Christmas is now advertised around Easter so they can instill it in our minds that we need to plan for Christmas and should begin our shopping.  They began the "Black Friday" custom for which people have been trampled, fought and killed over. Shopping has become the be-all and the end-all of the holiday season, from the grocery store to the retail store, and its actual meaning has become elusive to so many people. People have Christmas funds that they set up in the bank in January to be able to "afford" Christmas the following year. They say, "Happy Holidays," instead of "Merry Christmas," as no one is "allowed" to say "Christmas," because of the religious connotations.   Hello!!!'s a religious holiday!!!  

I think that this change has been occurring since the late 1960's, however most of us, when we were young, really never knew or thought about the fact that the presents we got to open cost money and that our moms and dads bought them because we were under the impression that Santa Claus came down the chimney and put them all there for us because we were good.  It is a matter of shifting perspective.  As children we were shielded from the preparation and hustle and bustle of preparing for the holidays and focused more on the joy and happiness of it all.  As we grew into adults however, the focus shifted on the buying of presents as well as the receiving and so now we had to start thinking about having enough money to get presents for everyone in the family and that took a little of the magic out of it.  Then we had to start helping with the chores and preparation of the holiday meals and that took some of the joy out of it, at least for some (for me personally, I loved cooking with my mom).  Then we began to see what our parents went through when we were young and how they must have had to scrimp and save to provide us with those awesome Christmas experiences...and that really brought it home.  Let's face it long as there have been rituals for which we purchased presents, stores have been very involved in advertising in those areas because that is how they sell things.  They just start it a lot earlier nowadays. 

Our perspective is what has changed and now we see Christmas as adults rather than starry-eyed kids.  I have to say, I enjoyed it more as a starry-eyed kid...that is until I had my son, and then the magic came back because I could see it through his eyes and I so loved making it special and magical for him and then I understood how my parents were seeing it through ours and that is what brought them joy and what brought love and happiness into our Christmases. 

Christmas is the celebration of the birth of our savior Jesus Christ.  In this spirit we are meant to commune with the ones we love and share meals and celebrate together in love and kindness.  We are meant to show compassion and forgiveness and help and love our friends and neighbors.  We are to love one another...that's all.


This is a recipe that my mother would make as one of the appetizers she served at our family gatherings.


12  - Mushroom caps (large, fresh mushrooms)
2    - Slices of French bread (with the crusts cut off)
1/4 - Tsp.
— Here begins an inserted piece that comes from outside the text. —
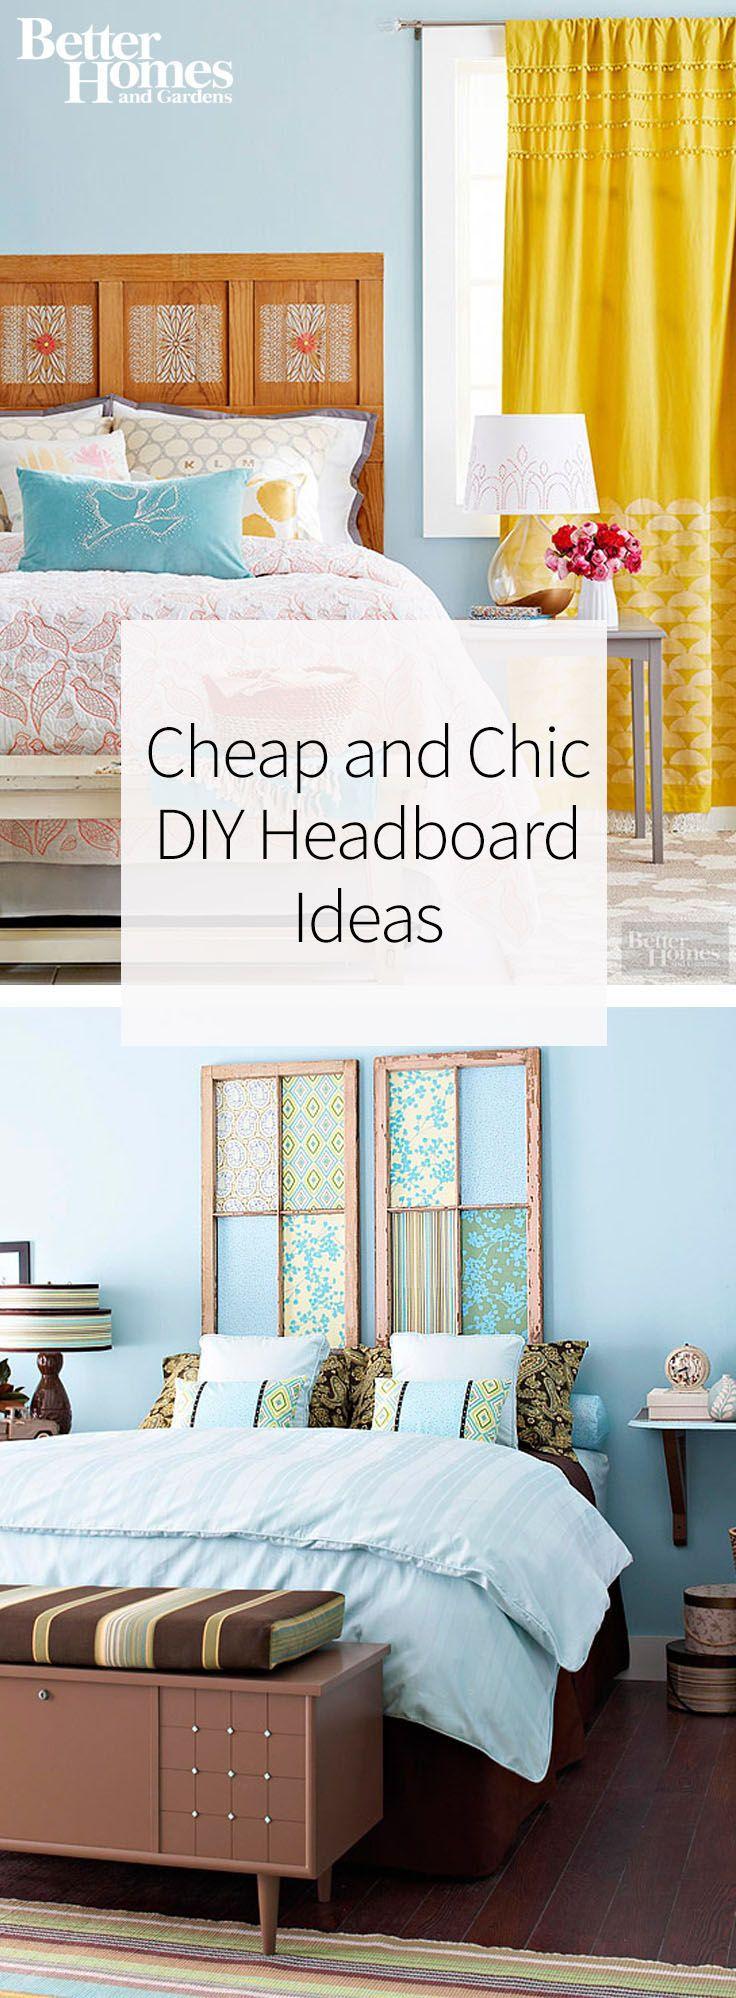 Cheap And Chic Diy Headboard Ideas Pinterest Diy

Thyme
1/4 - Tsp. Basil
1/4 - Cup Parsley
3    - Cloves Garlic, chopped
1    - Slice Lemon
1/8 - Cup Olive oil

Remove stems from mushrooms and brush caps with lemon juice...set aside. Chop stems, parsley, thyme, garlic and basil and blend together in a bowl. Tear up bread into crumbs and mix into bowl. Saute stem mixture in butter and olive oil. Stuff mushroom caps and bake in a moderate oven...325 degrees for 20 minutes. I could eat a whole batch in one sitting...Delicioso!!!